Architecture Deep Dive
Architecture Deep Dive
For the real gurus, allow me to sidetrack a minute and go a little deeper into the architecture of the GPU, the design block. For those wondering, NVIDIA is moving to a MIMD layout as they feel it will work out better for them with stream computing (GPGPU), ATI however is using a SIMD layout. There are 20 SIMD clusters each with 16 thread processors. Each thread processor has 5 stream cores (and that makes 1600 shader cores). Since there are 80 texture units the card will have four per SIMD cluster available.

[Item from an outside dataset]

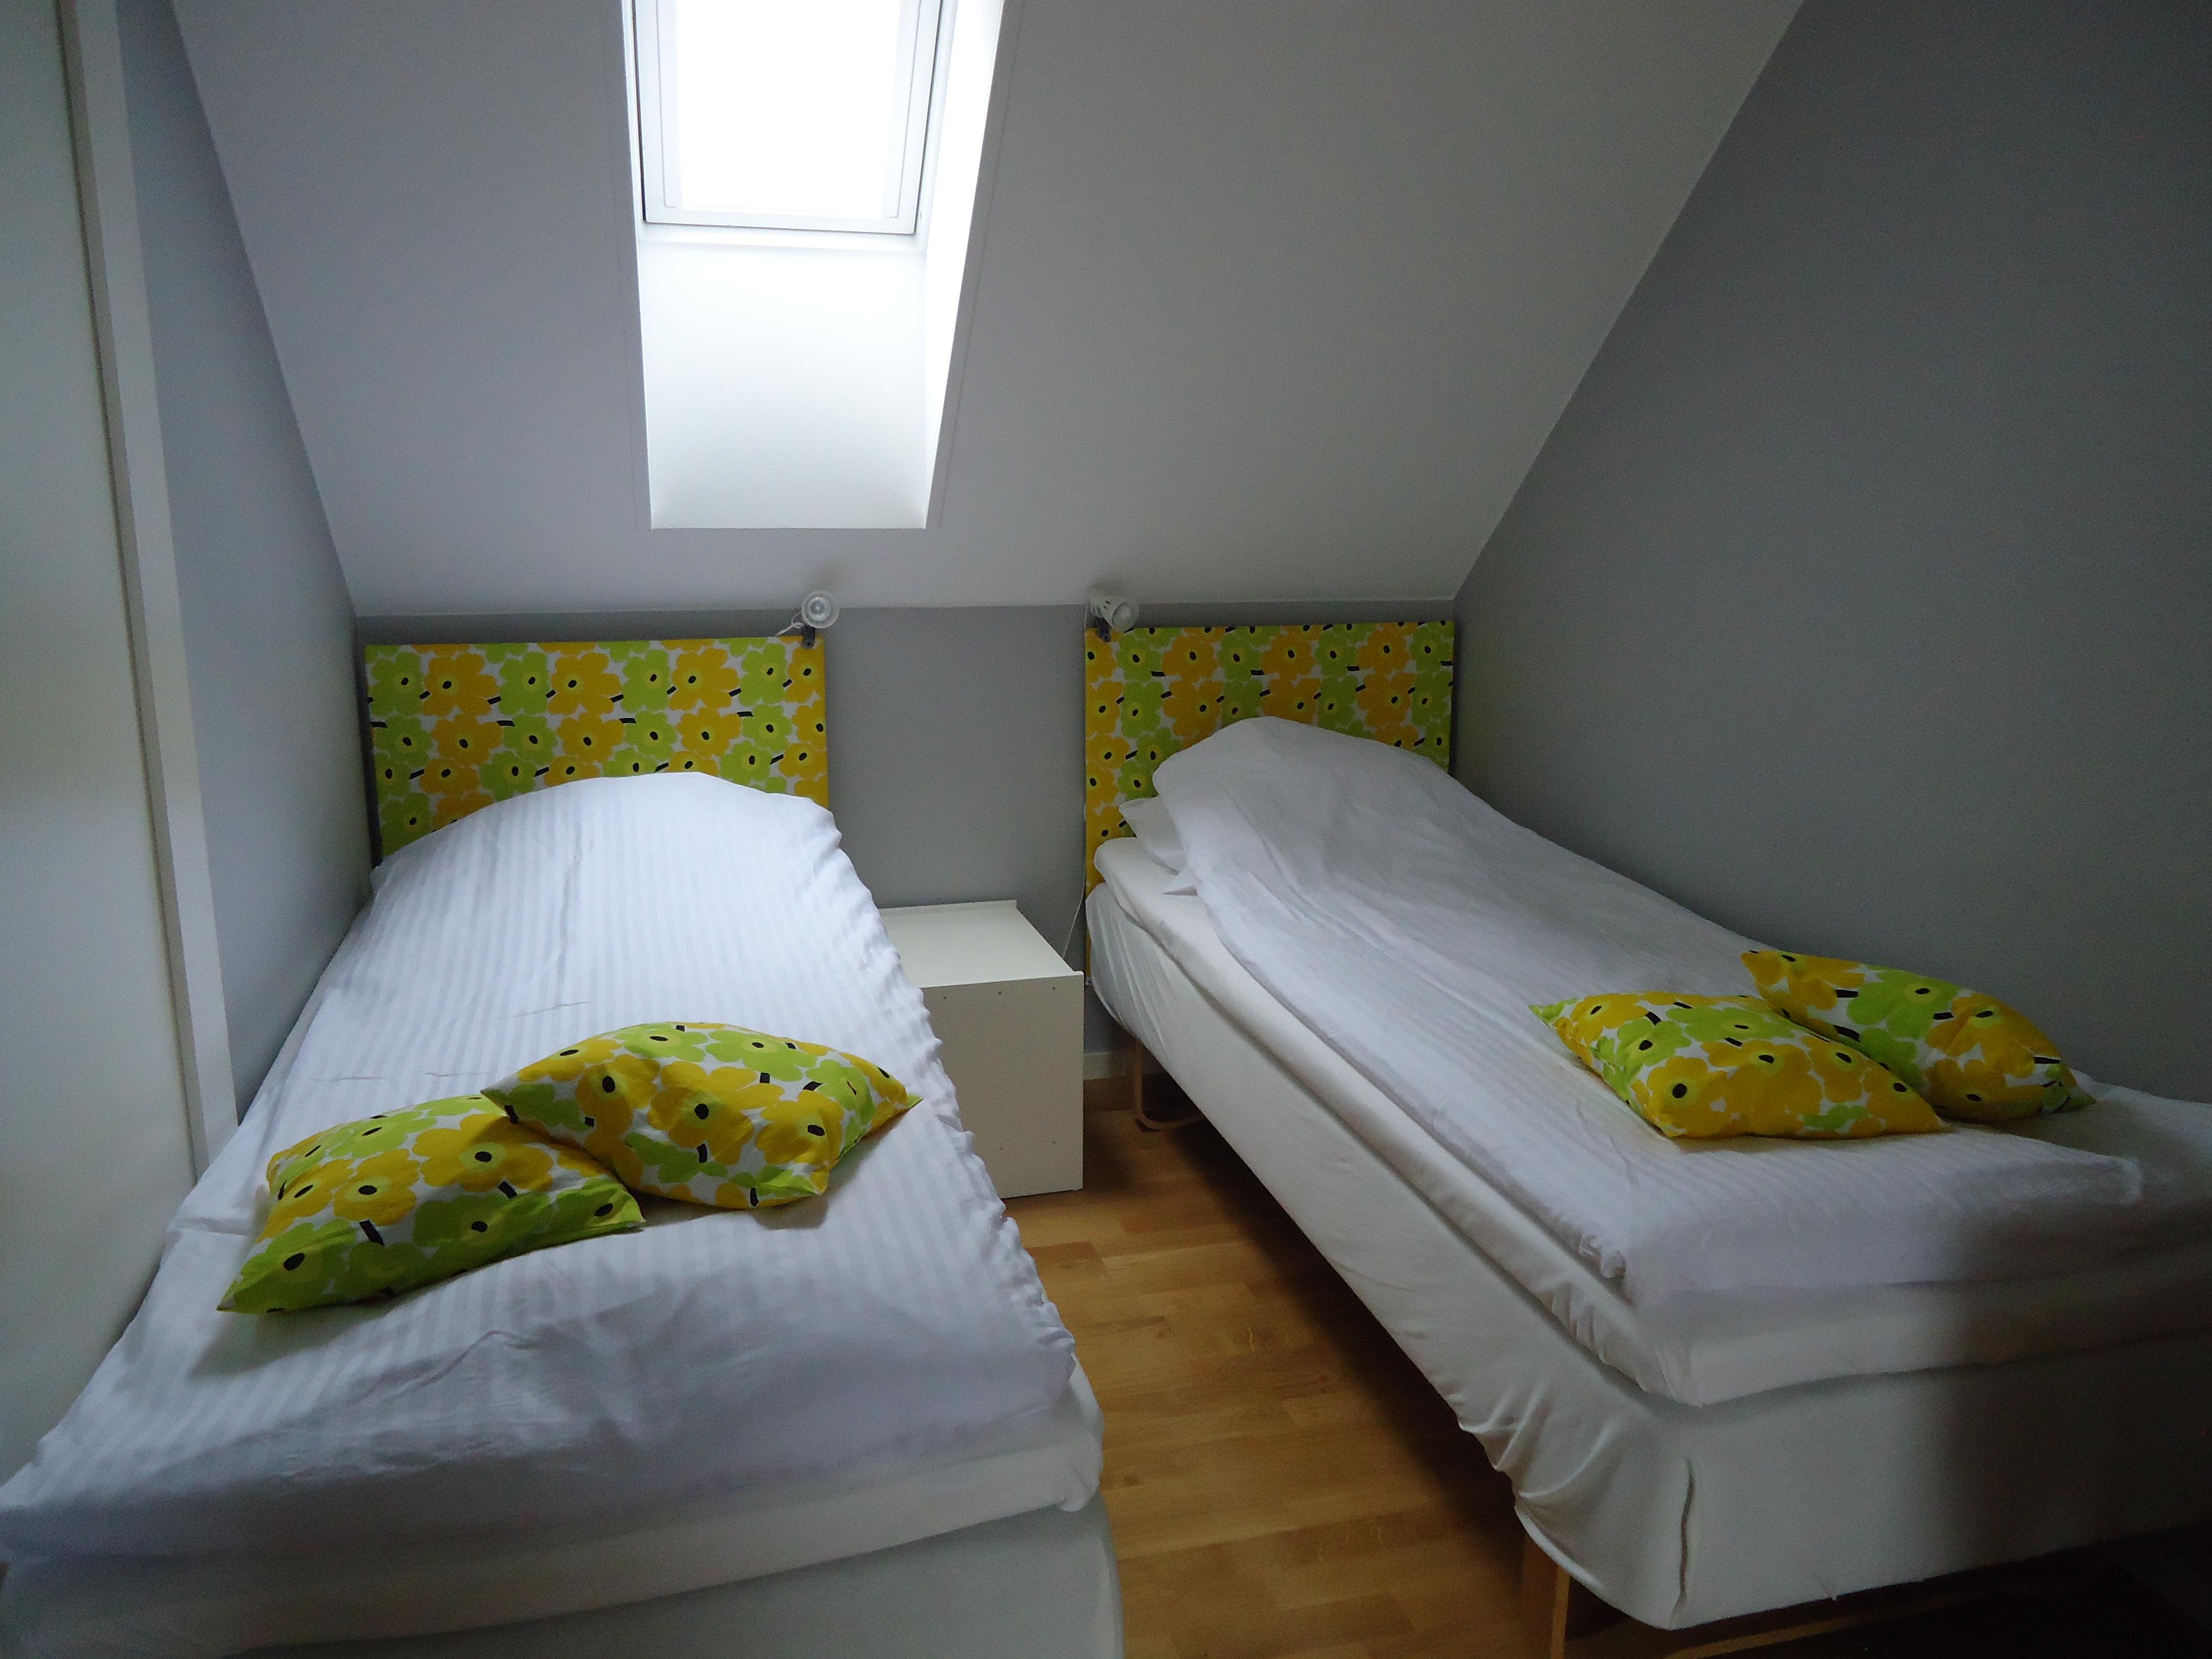 Sängar gula rummet

Each shader (thread) processor has:
- Four stream cores plus one special function stream
- Branch unit
- General purpose registers
When we move onwards to texture units and caches we notice some improvements as well. There's an increased texture bandwidth (up to 68 billion bilinear filtered texels/sec with up-to 272 billion 32-bit fetches/sec. But let's have a look at the GPU design with the help of a block diagram:
So this is how the GPU is arranged. Cache wise the GPU of course has embedded L1 and L2 caches. We know that the L1 cache can now handle texture fetches up to 1 TB/sec on the L1 cache and 435 GB/sec in-between L1 and L2. Each memory controller has 128 kB L2 cache.

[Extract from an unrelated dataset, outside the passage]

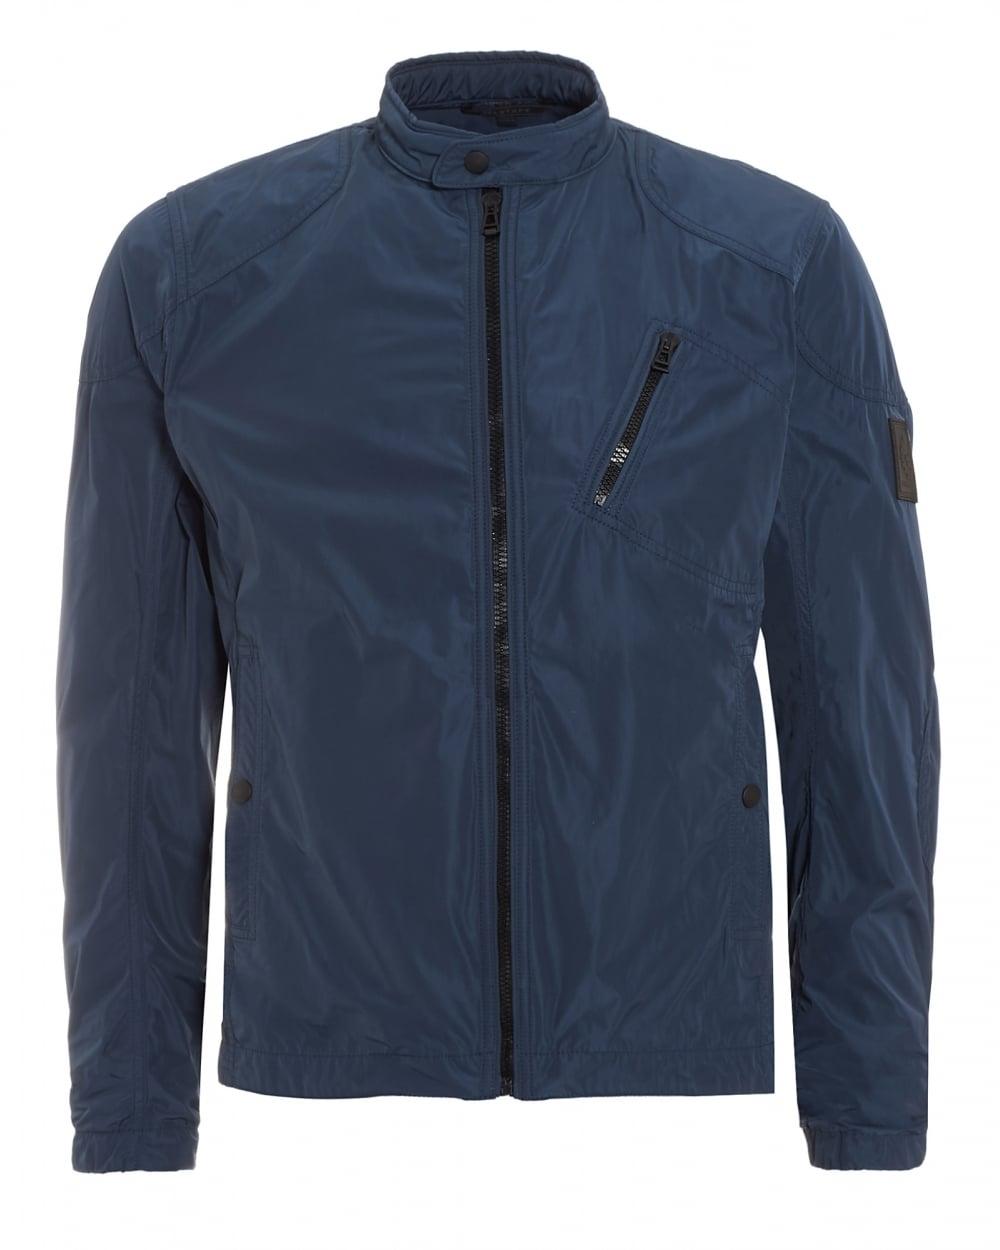 1776447634 Belstaff Mens Stapleford Blouson Jacket

Hardware wise the architecture had to change somewhat for new DX11 features. 90% of the design remained the same but obviously with DX11 also comes hardware tessellation. As such, in the ASIC next to dual rasterizers we now spot a new DX11 class hardware tessellation unit (we'll explain what tessellation is later). The tessellation unit will be programmable through DX11 hull and domain shaders and is a feature I'm really excited about.

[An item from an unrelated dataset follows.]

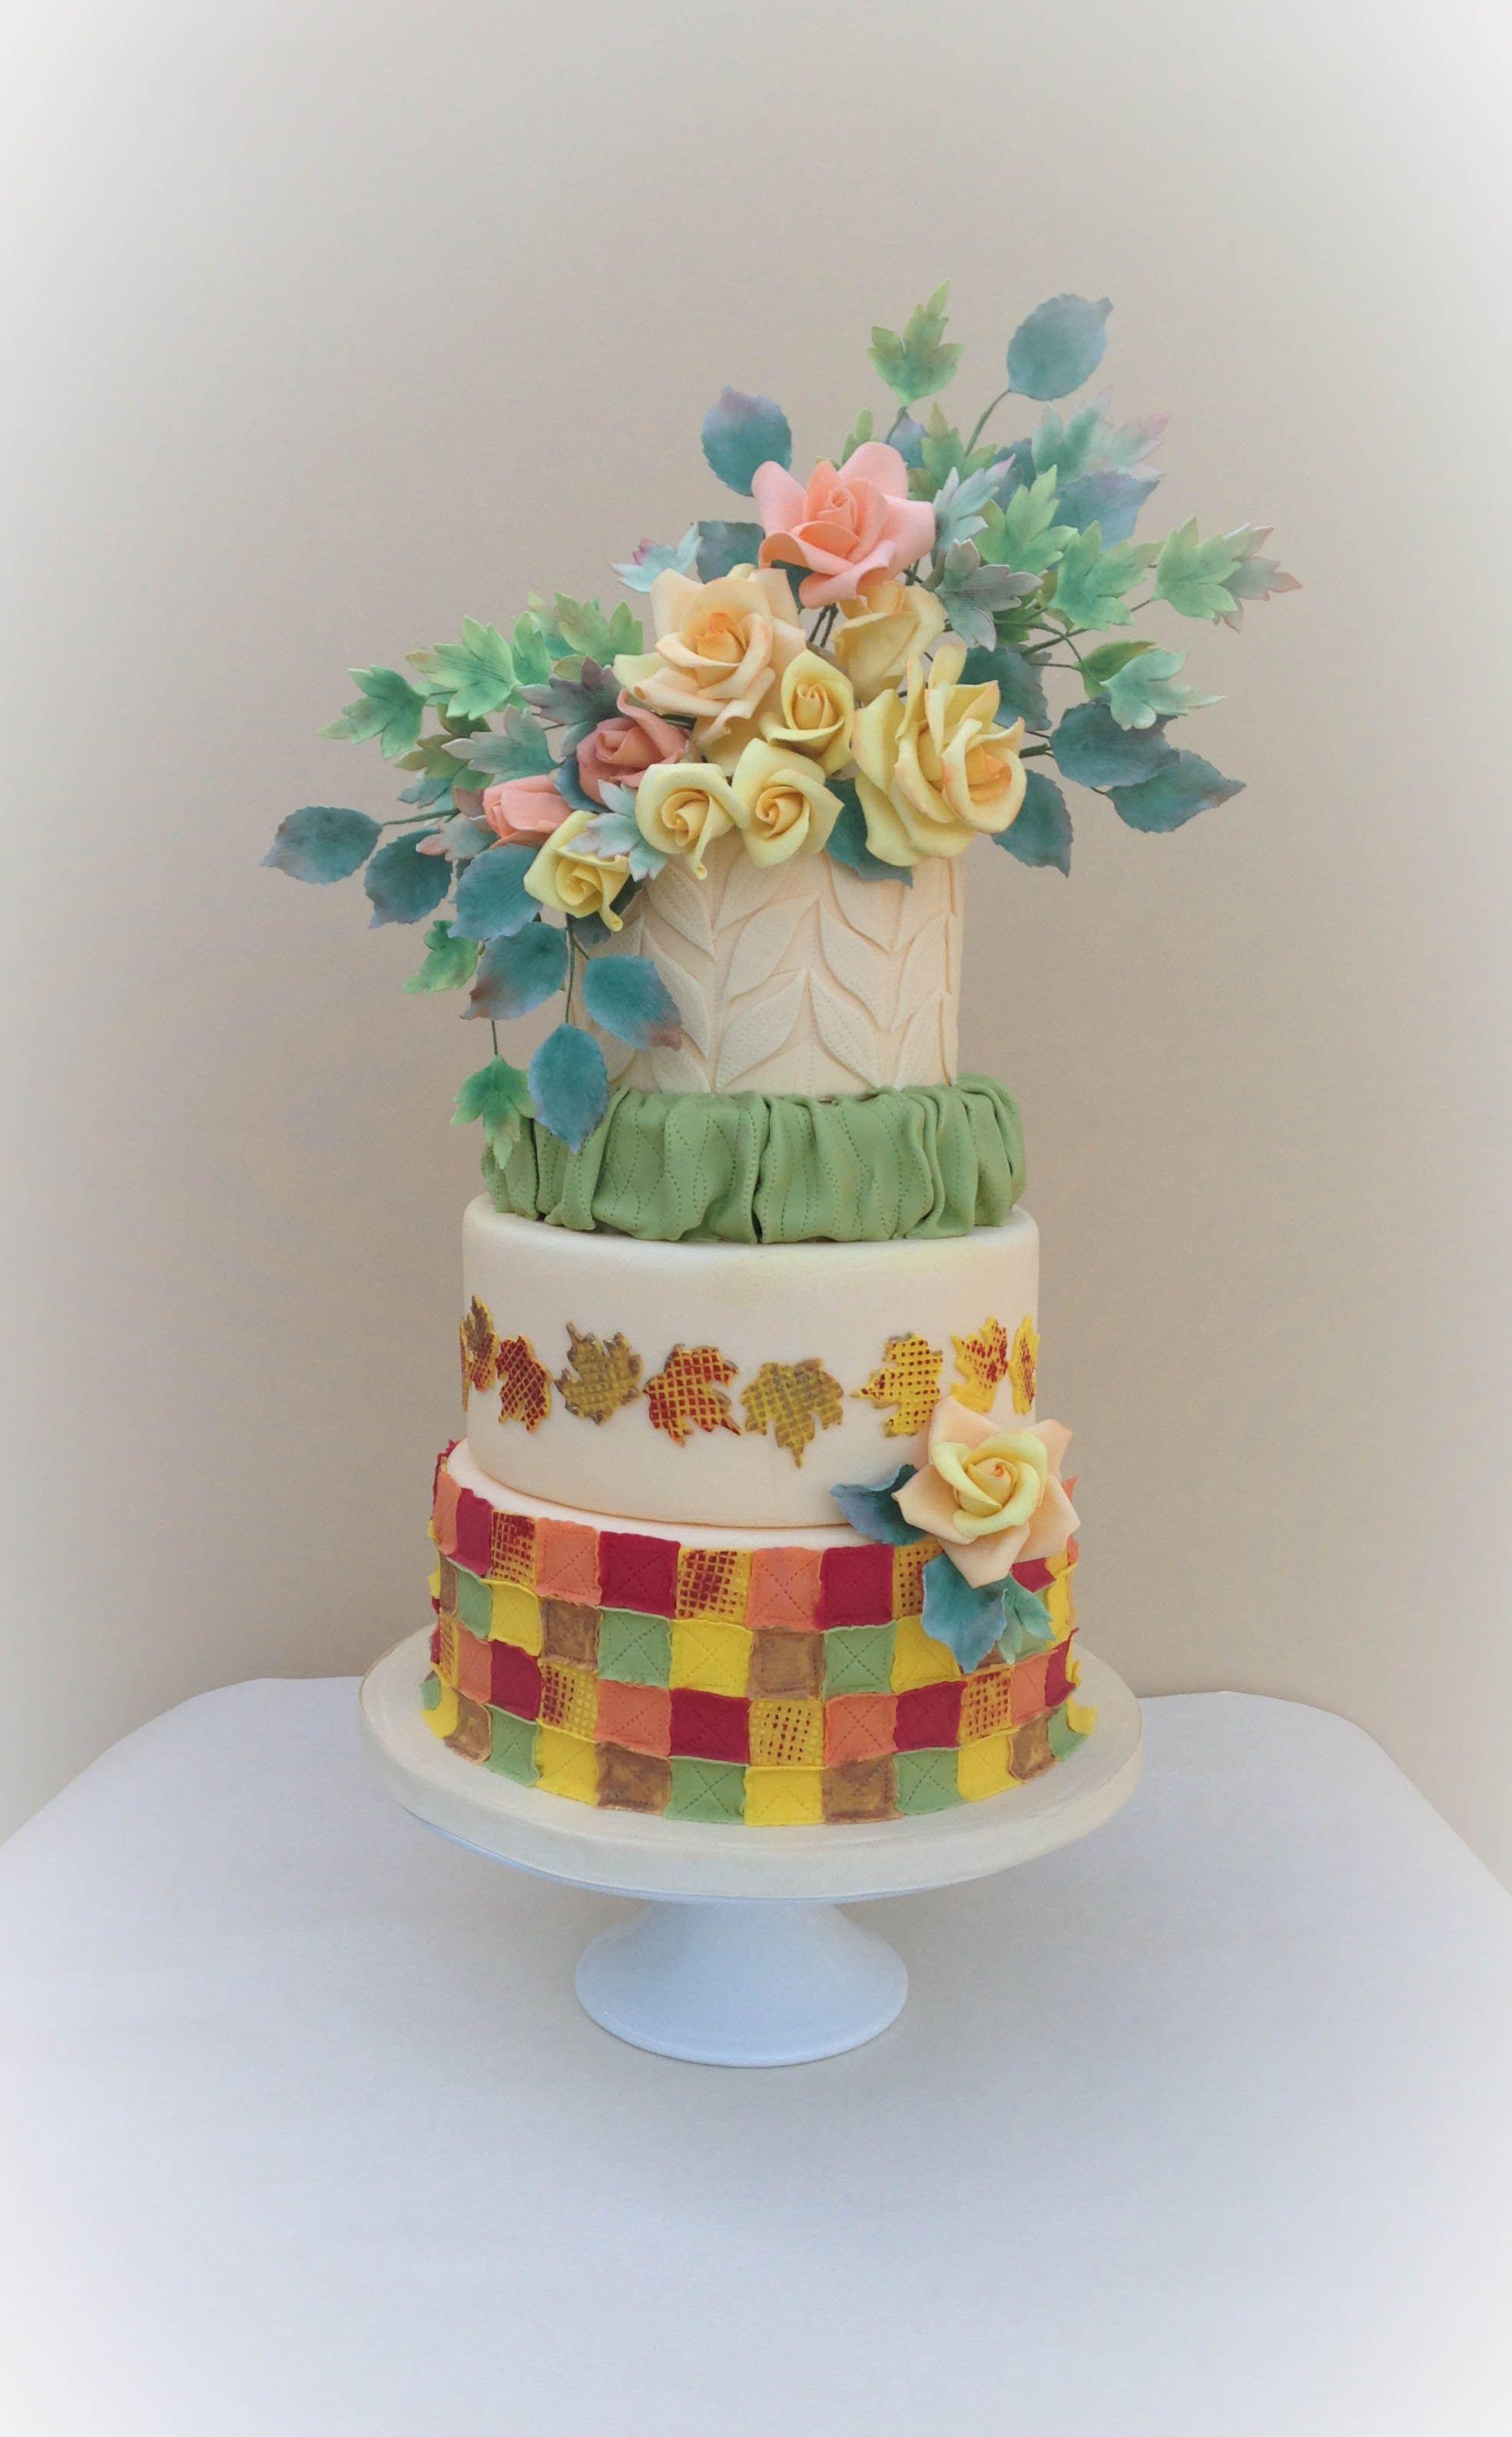 Autumn quilt cake featured in Cake Central magazine!

On the topic of image quality, texture filtering has been improved as well, imposing an even better quality Anisotropic filtering. Anisotropic filtering no longer has angle dependency. You'll now have near perfect Anisotropic filtering, look at the image to the right. I understand that screenshots does not make a lot of sense to a lot of you, but really .. this is what we want to see, that's a near perfect filter.
Memory wise the card will use 256-bit DDR5 memory again. It's clocked faster though, adding additional bandwidth. Memory bandwidth is so important.
Thanks to some changes in the memory controllers relativity has gone up, as well as energy efficiency. Especially with DX Compute where crunching data is so important and needs to be reliable, we now see a new feature; error detection code is now embedded in the GDDR5 memory controller.
Some of the new memory controller improvements:
- EDC - error detection code (CRC checks on data transfers)
- GDDR5 Memory Clock Temperature compensation
- Fast GDDR5 Link retraining (allows voltage and clock switching without any problems or hassle)
But yes, EDC is the most important one here as it improves reliability at very high clock frequencies.
block diagram of the memory controller setup
Good news for the die-hard overclockers. This card will be softmod compatible as it has programmable voltage regulators which allow you to in/decrease voltages on the GPU. VRM implementation is impressive, obviously it allows ATI to lower voltages when needed, saving on power consumption. Overclockers think the other way arround ;)
Four digital vGPU phases controlled with the Volterra VT1157SF, one digital uncore (GDDR5 IMC) phase with Volterra VT1157SF, 1+1 "digital" GDDR5 vDD+vDDQ phases with Volterra VT242WF, two Volterra VT1165MF controllers (vGPU & uncore).
The PCB surely shows a very impressive VRM design.